Şimdilerde Obama yönetimi ve Amerikan kapitalizm ortakları, Bush ve ekibinin açık bir deyişle, İslam dünyasına karşı "Haçlı Seferi başlatıyoruz" repliği eşliğinde işgal ettiği Afganistan'dan paçasını kurtarmaya çalışırken elde ettikleri imtiyazlardan da vazgeçmiyorlar.

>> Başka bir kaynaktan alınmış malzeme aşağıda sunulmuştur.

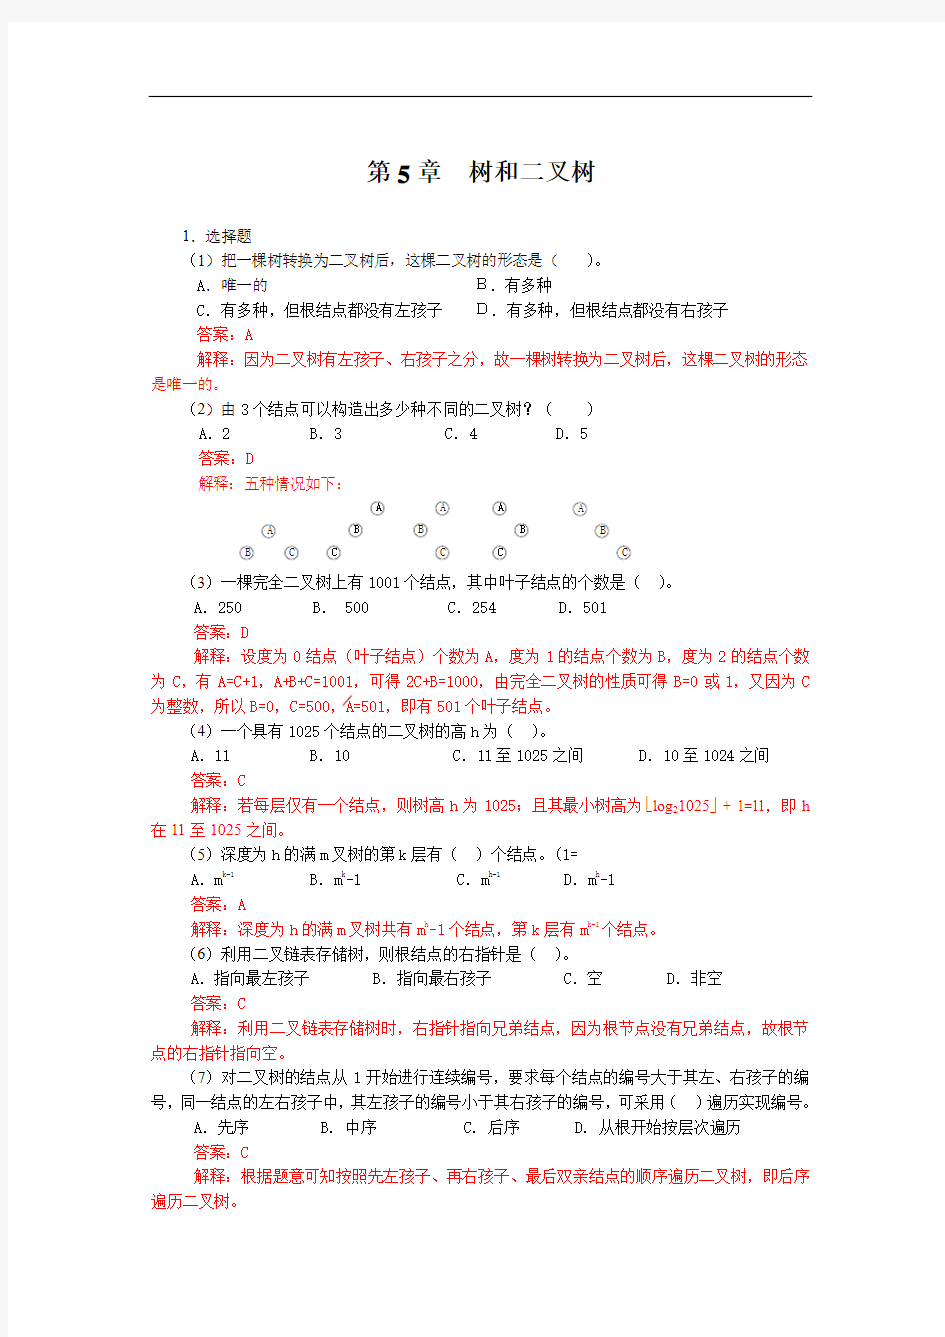 数据结构 C语言版 第二版(严蔚敏) 第5章  树和二叉树 答案

Bu sebeple, çıkarlarını garantilemek adına geri çekilirken/kaçarken sömürge güçlerini ülkede bırakıyorlar.

Şöyle dünden bugüne dönüp baktığımızda sadece Afganistan'da değil, komşusu Pakistan da da işgalci güçlerden arta kalan enkaz bir ülke;  katliamlar, tecavüzler, yağmalar ve milyonlarca uyuşturucu bağımlısı haline gelen insandan başka bir şey değil...

Birbirine düşman edilmiş halk ve kan denizine dönüştürülmüş bir coğrafya... Tüm yeraltı ve yer üstü zenginlikleri talan edilmiş bir Afganistan...

Vampirler tarafından adeta kanının son damlasına kadar sömürülen, artık sömürülebilecek kaynakları tükendiği için kaçış/çıkış aranan Afganistan...

Şimdi sormalıyız:

Küresel bir çeteden hiçbir farkı olmayan NATO ve onun amiral gemisi ABD;  girerken söylediğiniz gibi, Afganistan'ı cennete(!) çevirmeden, Afgan halkına her işgal ettiğiniz ülkede ağzınızda sakız ettiğiniz özgürlüğü(!) ve her zaman övündüğünüz yüksek medeni değerleri(!) getirmeden nereye kaçıyorsunuz?